Клюгенау сидел в углу, старая шашка лежала поперек колен, косо стоптанные по камням каблуки его смешно топырились в разные стороны.
– География, история… – сказал он и повторил зачем-то жест Латышева, ткнув в себя пальцем.
Бедный прапорщик смутился, заелозил по полу от смущения сапогами.
– Нет, – продолжил он, – господа, так нельзя… Мне вот непонятно. Давайте возьмем опять-таки историю и географию…
Некрасов уже собирался уходить, но задержался в дверях.
– Хорошо, – сказал штабс-капитан резко, – взяли!.. Конечно, экзамена по истории и географии нашему мужику не выдержать, и в этом, Латышев, вы безусловно правы. Но – политическая история!.. О-о, мужик ее знает, поверьте мне, на собственной шкуре. Лучше нас с вами. Да-с!.. Это его дед, это его сват, это его кумовья да шурины делали историю в турецких войнах.
Некрасов в возбуждении натянул фуражку на лоб как можно крепче, толкнул уже дверь, чтобы выйти, но снова остановился и продолжил:
– А история проста. Снимите с мужика рубаху – на груди его рубцы от ран, полученных в турецких войнах. Если не брезгуете, стащите портки с мужика, – на заднице тоже рубцы. Это уже следы тех недоимок, которые с него взыскивали розгами, когда Россия уставала от этих войн. Так вот длится
Штоквиц тяжело посмотрел на Латышева – словно прижал его к стулу своим взглядом:
– Так-то, юноша… Кого до Киева, а кого и до Шлиссельбурга. Только уж довезет, а не доведет. На казенной троечке. По Тверской-Ямской. С бубенцами…
Некрасов уже был за дверью, и «бубенцы» Штоквица прозвенели ему в спину. Клюгенау зевнул и, прикрыв рот ладошкой, метко стрельнул глазами – на Латышева, потом на Ефрема Ивановича, не спеша поднялся и побрел нагонять Некрасова.
Карабанову оставаться в обществе сухаря-коменданта и прапорщика (которого он в душе называл не иначе, как «недоносок») совсем не хотелось, и он тоже направился к выходу.

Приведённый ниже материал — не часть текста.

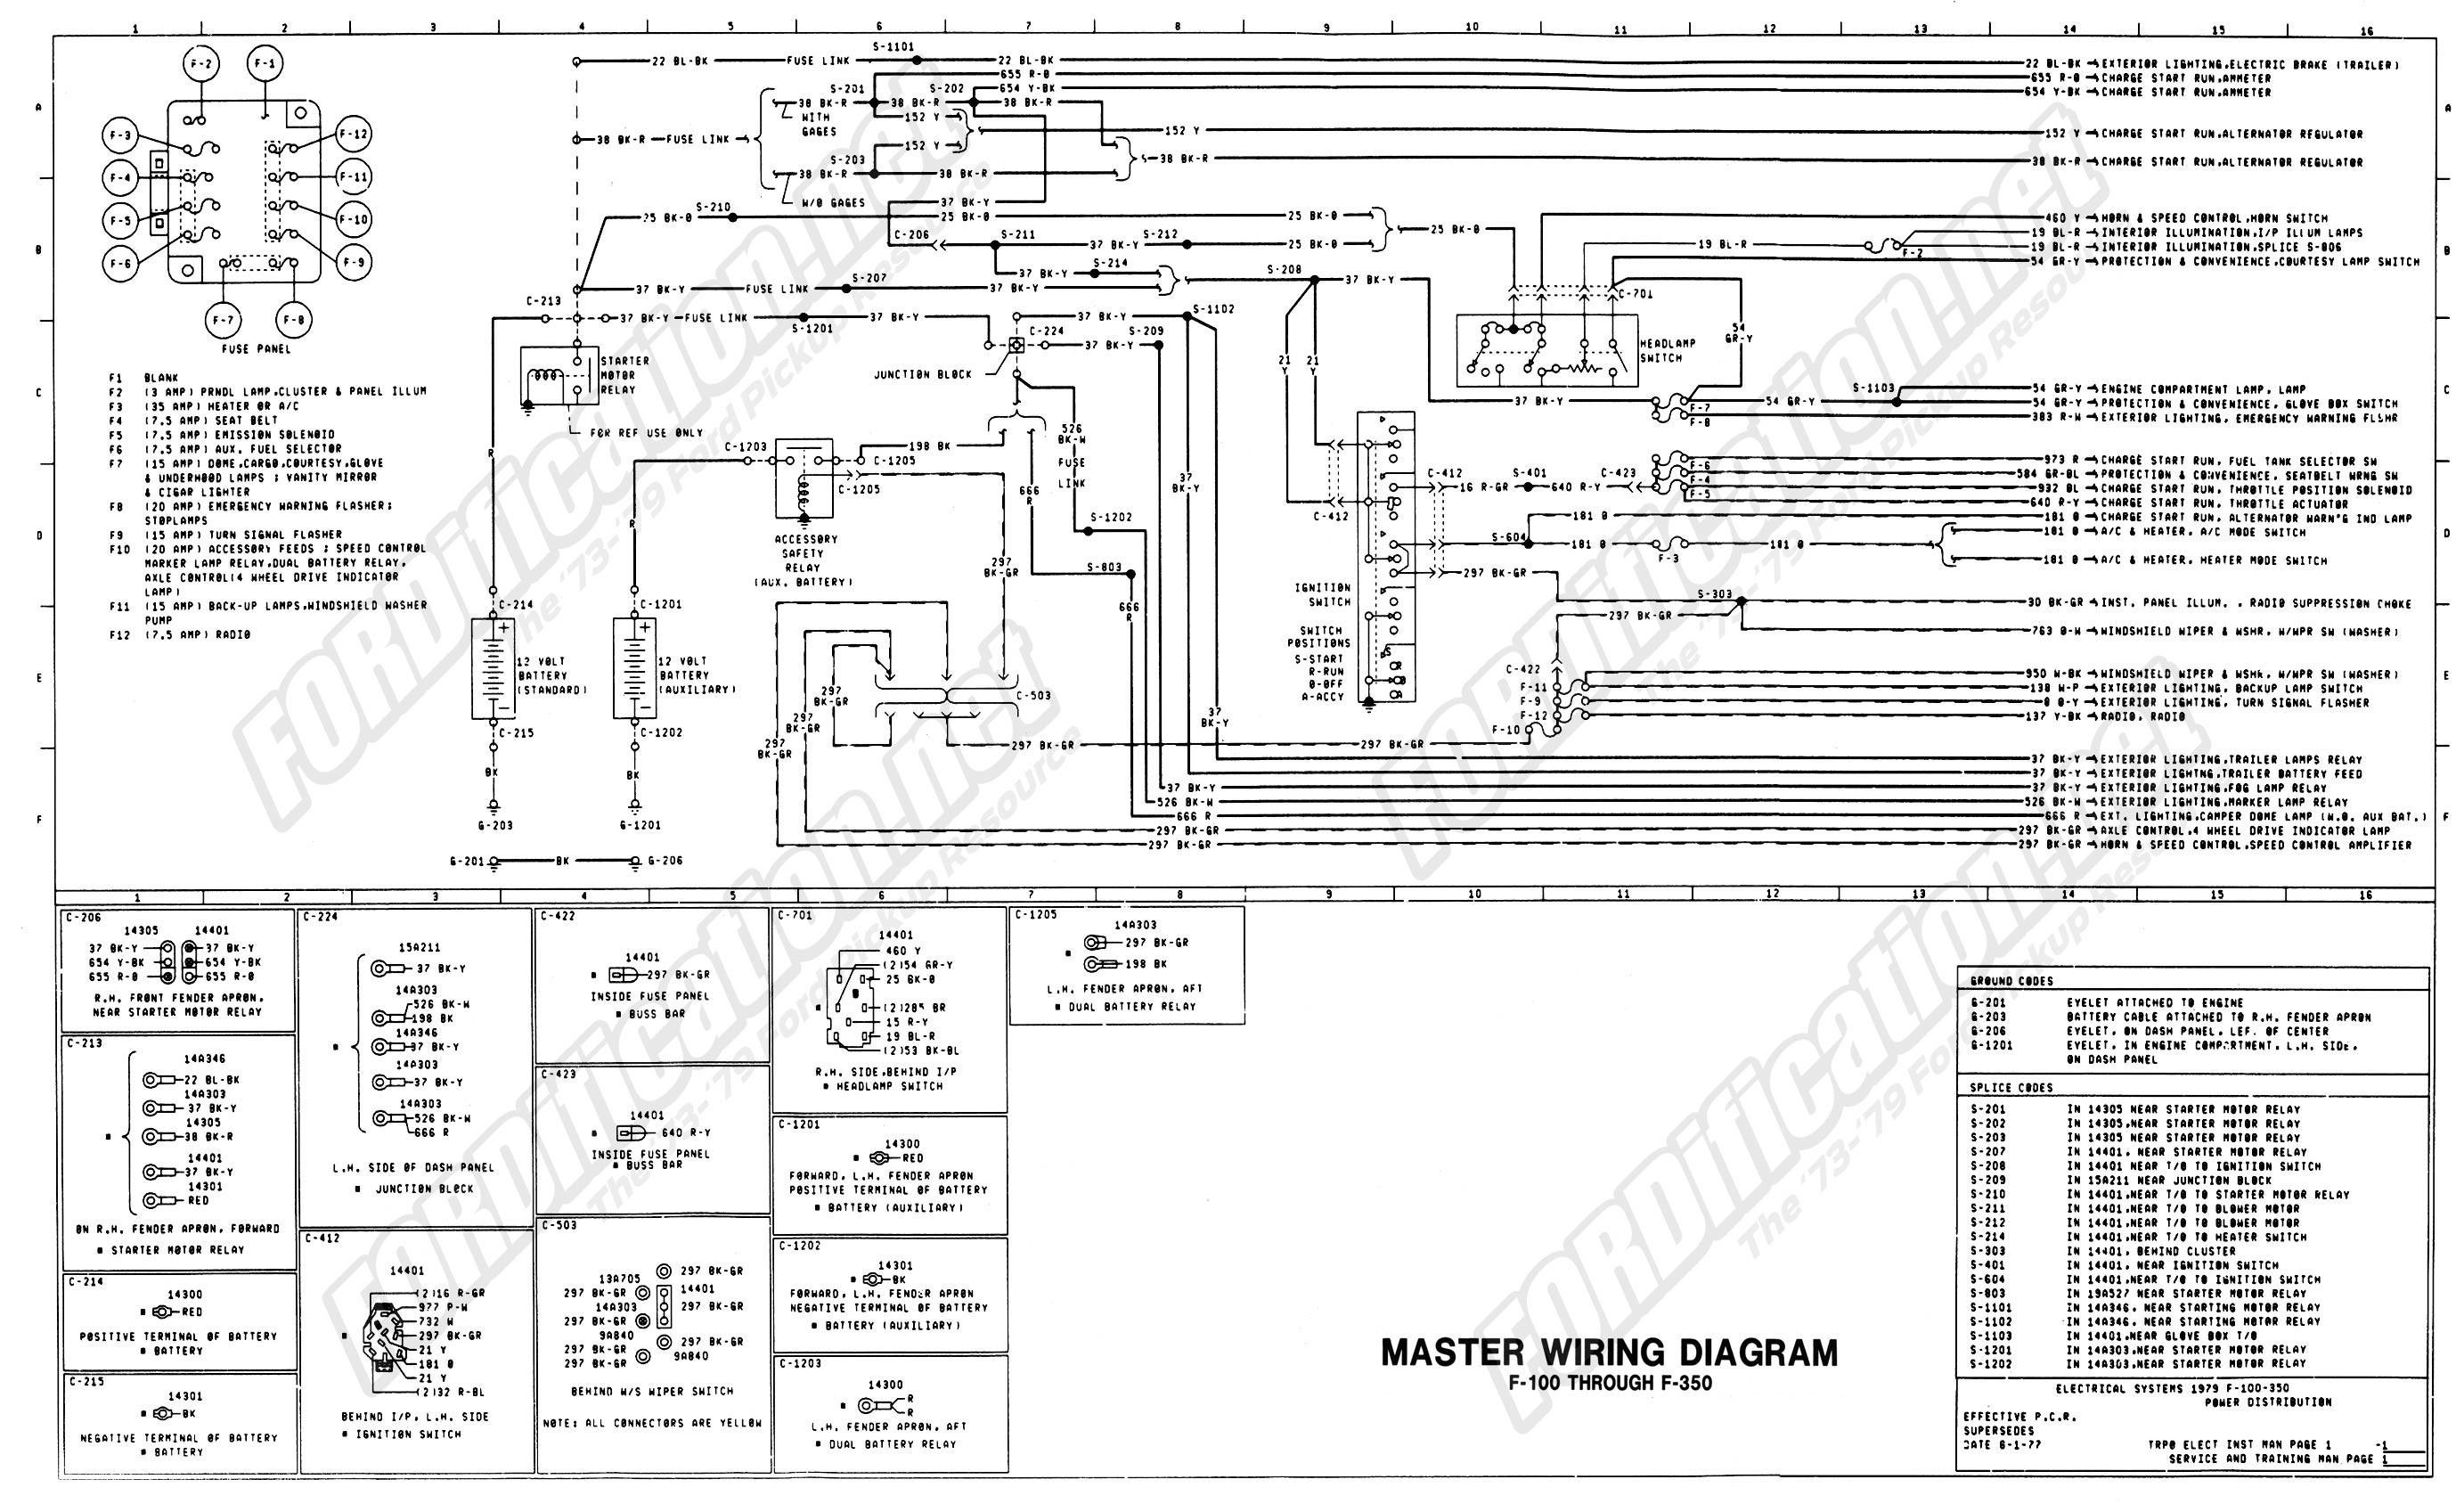 International Truck Wiring Diagram Elegant Wiring Diagram International Wiring Diagram Pic Cool Pdf

– Покидаете нас? – остановил его Штоквиц.
– С вашего разрешения. Спать пойду…
На улице за ним увязался какой-то черный лохматый козел и, тряся бородою, долго тащился следом за поручиком, о чем-то восторженно блея. Карабанов сначала его отгонял, потом плюнул, и козел сам отстал. Шел поручик на Зангезур, чтобы, зарывшись с головою в душные кошмы, спать до вечера, а вечером сыграет он с Ватниным в «дурачка», ибо есаул другой игры в карты не знал; потом опять спать ляжет, а там и утро наступит.
– Черт возьми! – остановился Андрей. – А где же гром победы, который должен раздаваться?..
А гром побед русского оружия уже раздавался, и отзвук их – по газетам и по слухам – доходил до заброшенного Баязета: форсировав широкие поймы Дуная, российская армия уже начала освобождение славянских сел и городов.
Однако же весь этот гром побед прокатывался где-то вдалеке, за горами да за морями, а Баязет продолжал томиться в знойной духоте, в неверных сплетнях шпионов и лазутчиков, в кажущемся спокойствии. В окрестностях города рыскали казачьи пикеты, часовые иногда исчезали со своих постов бесследно, будто их и не было там; только потом, по прошествии времени, чья-то вражеская рука подкидывала ночью голову часового в крепостной ров, или ловили на майдане торгаша, просившего двух баранов за шинель убитого.
– Не смущайтесь, – говорил Хвощинский молодым офицерам. – Все это в порядке вещей. Не забывайте, что это не просто война, а восточная война. Она тем и поучительна для нас с вами, что в ней никогда не бывает передышек. Держи глаза пошире, а шашку наготове…
Третьего мая вдруг зарокотали в крепости барабаны, и перед строем всего гарнизона была совершена первая публичная казнь. На задранных кверху оглоблях санитарного фургона, заменивших виселицу, вздернули молодого муллу, который пытался разрушить водопровод, питавший цитадель, а перед этим убил двух ездовых солдат-стариков.
Перед казнью Хвощинский подошел к мулле и спросил:
– Ты зачем это делал, пес?
Мулла, не отвечая, воздел руки к небу. Ему накинули петлю на шею.
– Зачем ты убивал наших солдат?
– Меня нельзя винить в этом, – прохрипел мулла. – Это внушено мне свыше.
– Аллах, что ли, внушил тебе отрубать головы убитых?
– Но я действовал в святом восторге, – оживился мулла.